Other features of AutoCAD include the ability to annotate drawings, attach and import data from PDF files, and to extract object data to tables. 3D editing also brings with it the ability to view models in various viewports. Meanwhile, there is a variety of customization options, as readers of our guide to learning the AutoCAD basics in one hour will be familiar with.
Most users who work in AutoCAD will save their files in the native DWG file format. The format was initially exclusive to the software, but, given the necessity for designers to collaborate, many ways to view DWG files without AutoCAD now exist. AutoCAD also supports other vector file formats, notably including DXF.
Who uses it
Screenshot of AutoCAD Electrical.
By the late 90s, AutoCAD had established itself as the most widely used CAD software in the world. It should come as little surprise, therefore, to learn that AutoCAD has found users across many industries. Many of our own users use Scan2CAD to convert from PDF to vector formats specifically for use in AutoCAD.

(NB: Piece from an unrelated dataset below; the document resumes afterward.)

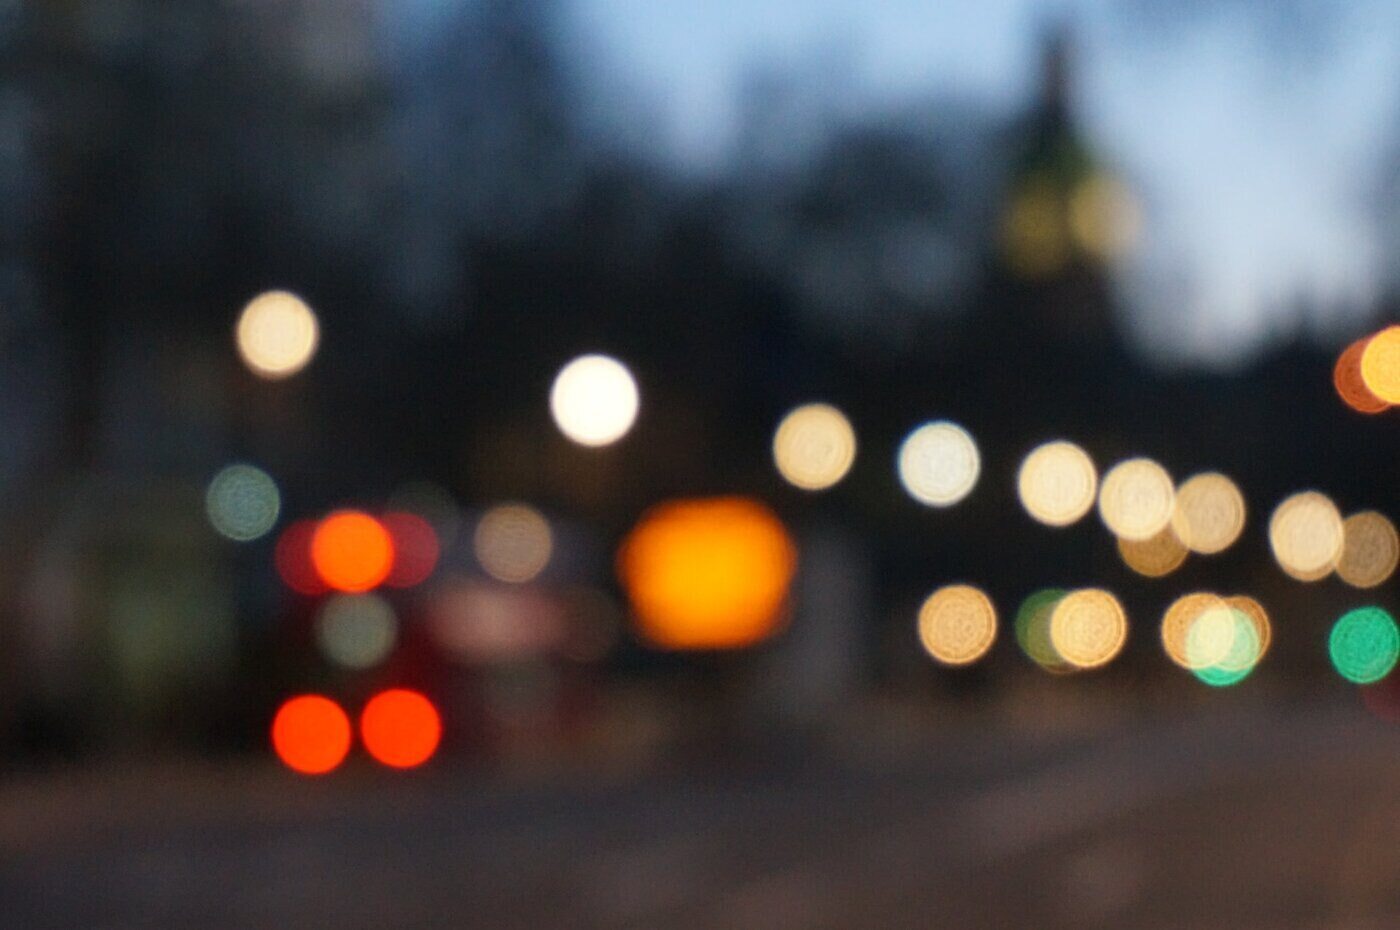 Blurred image of streetlights - saving money and energy with solar led streetlights
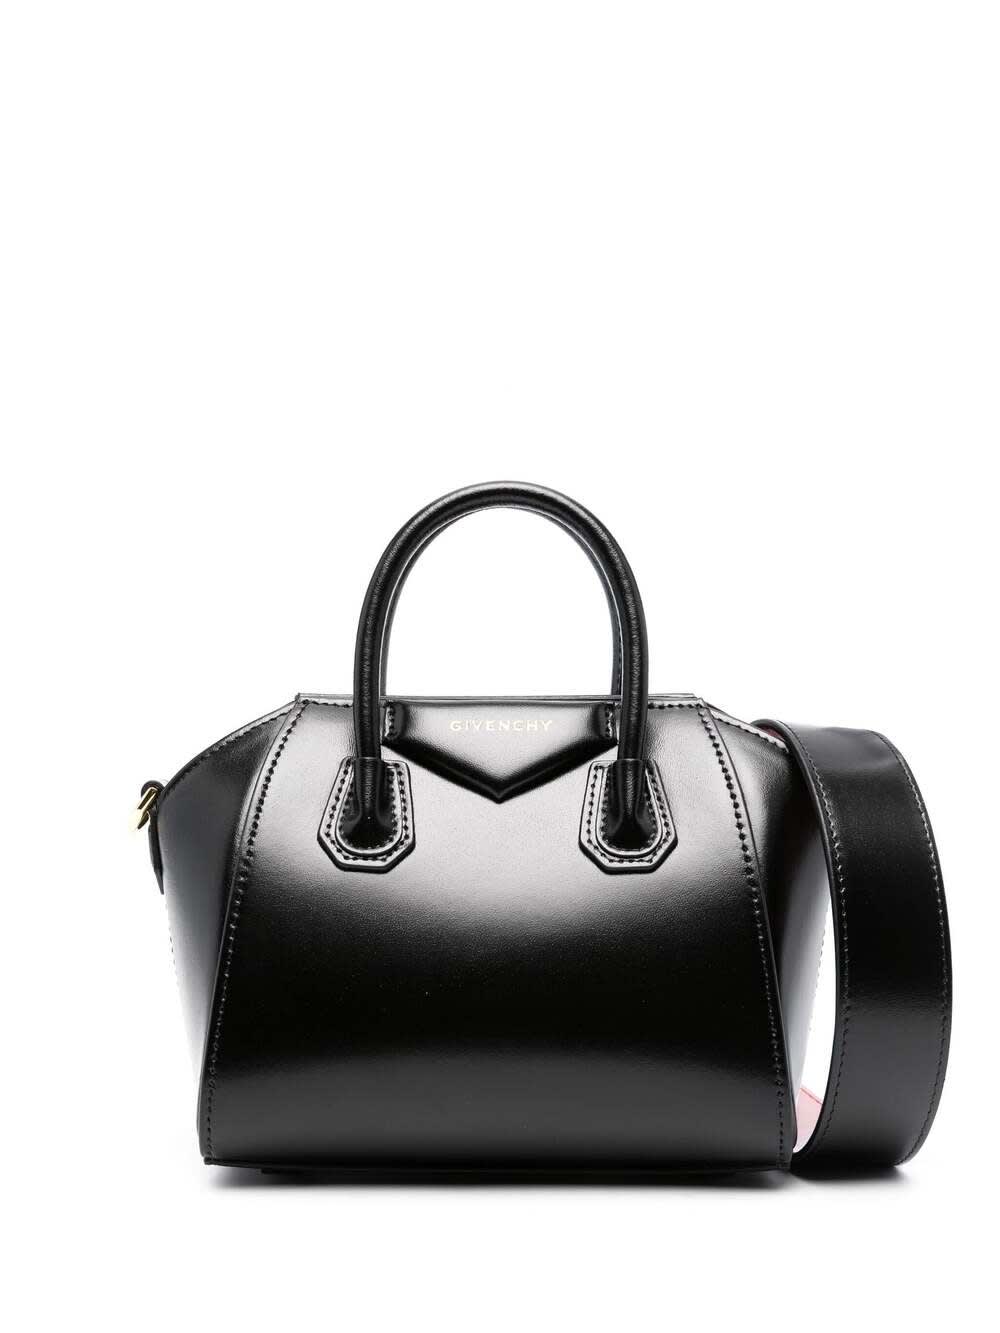 Givenchy Black Antigona Toy Bag In Box Leather

Autodesk has responded to the widespread popularity of AutoCAD by creating a range of industry-specific ‘flavors’ of the software. Each of these versions has an individual design and set of custom features. The distinctiveness of these ‘flavours’ is easy to spot—compare the above screenshots of AutoCAD Electrical and AutoCAD Architecture.
However, the differences are more than surface-deep. Here are just a few of the features bundled with each industry version of AutoCAD:
- Architecture includes features such as doors, windows, and walls, as well as an extensive library of detail components.
- Electrical controls system design, and enables users to automate electrical engineering tasks and access comprehensive symbol libraries.
- Map 3D is for GIS analysis and planning, as well as converting GIS data into CAD data.
- Mechanical is useful for those looking to create, modify and document mechanical designs.
- MEP allows users to accurately create construction documentation of mechanical, electrical and plumbing systems design.
All in all, virtually every design and engineering sector on the planet has, to some degree, made use of AutoCAD. However, it isn’t the only show in town. First off, there are plenty of affordable AutoCAD alternatives offering similar functionality to Autodesk’s flagship software. However, some CAD programs distinguish themselves by offering something different. Enter SolidWorks.
What is SolidWorks?
|Developed by||Dassault Systèmes|
|Latest release||SolidWorks 2018 (October 18, 2017)|
SolidWorks today is well known as one of Dassault Systèmes’ flagship applications, but it actually started life outside the company. MIT graduate Jon Hirschtick founded the SolidWorks Corporation, the company which first developed the software, in 1993. After two years of work, the first version of SolidWorks was ready for release in November 1995. It was an instant hit, bringing solid modeling to a wider audience than ever before.
In 1997, Dassault Systèmes acquired SolidWorks for $310 million. It was great news for SolidWorks, who were able to take advantage of Dassault’s clout and existing CAD experience—the latter having already developed the powerful CATIA software. Meanwhile, Dassault Systèmes reaped the benefits of their new acquisition, which, over time, acquired a user base of over 3.2 million.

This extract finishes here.